Dabcyl (4-((4′-dimethylamino)phenylazo)benzoic acid) is a common quencher widely used in a variety of biomolecular applications[35] and nucleic acid probes.[3638] Thus we chose to explore its quenching effects on ODFs upon hybridization, to explore the utility of varied ODF–dabcyl fluorophore quencher pairs as reporters of DNA hybridization. Dabcyl was attached to the 5′ end of the complementary DNA strand (Q1; Table 1); thus upon hybridization to each of the 3′-ODF-labeled strands (P1–P20), dabcyl was brought into proximity with the various labels. The fluorescence spectrum of each of the ODFs was measured before and after the addition of Q1. The percentage quenching of fluorescence was determined by the relative fluorescence intensities at the maximum emission wavelength before and after the addition of Q1. We used a one molar excess equivalent to ensure that all ODF-labeled DNAs were hybridized with a quencher.

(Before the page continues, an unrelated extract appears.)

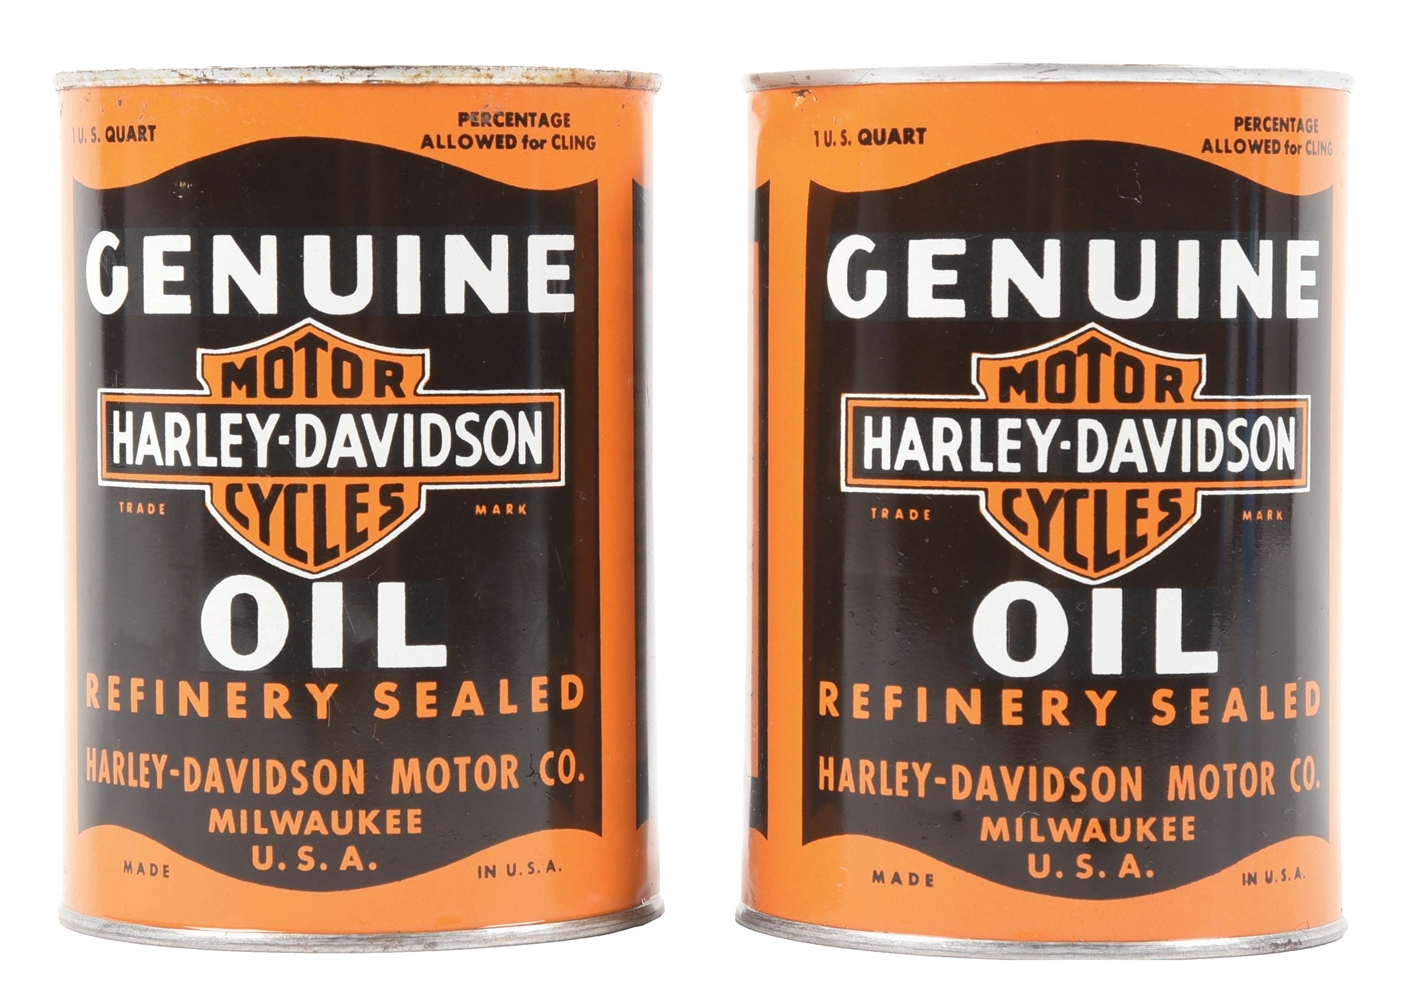 COLLECTION OF 2: NOS HARLEY-DAVIDSON GENUINE MOTOR OIL 1 QT. CANS.

The experiments revealed that efficient quenching by dabcyl occurred in 17 of the 20 ODFs tested (Table 2). These sequences had more than 70% of their fluorescence quenched upon the addition of the dabcyl-conjugated complement Q1. Two instances of this effect are shown in Figure 3 with labeled probes P4 (BEBY) and P15 (EYYE), which yielded 85 and 88% quenching, respectively.

Figure 3
Fluorescence emission spectral changes upon hybridization of ODF-labeled probes: a) P4, and b) P15 with dabcyl-conjugated complement, Q1 (λex = 330 nm).

Interestingly, inspection of emission spectra before and after hybridization with Q1 (see the Supporting Information and Figure 3) revealed that quenching was nearly always much more efficient with longer wavelength apparent exciplex emission bands compared to the monomer emission band in cases when both were present. The majority of labeled sequences showed this effect; some examples include dramatic monomer versus excimer differences, such as in sequences P4 (BEBY; Figure 3a), P1 (DEBY), P7 (BYDS), and P10 (DSEY), all of which showed strong quenching of long-wavelength bands between 450–600 nm, but essentially no quenching of shorter-wavelength bands. Several other cases showed similarly strong quenching of long-wavelength bands (see, for example, Figure 3b) but had very little in the way of short-wavelength emission for comparison, apparently due to highly efficient excimer–exciplex formation with nearly complete lack of monomer emission.

Three ODF labels showed poor quenching by dabcyl on the complementary strand. Both sequence P6 (BSDY) and P8 (EDSY) exhibited predominantly the pyrene monomer emission, which showed almost no quenching. Probe P14 (EEDE) showed 51% quenching at the emission wavelengths between 450 and 500 nm.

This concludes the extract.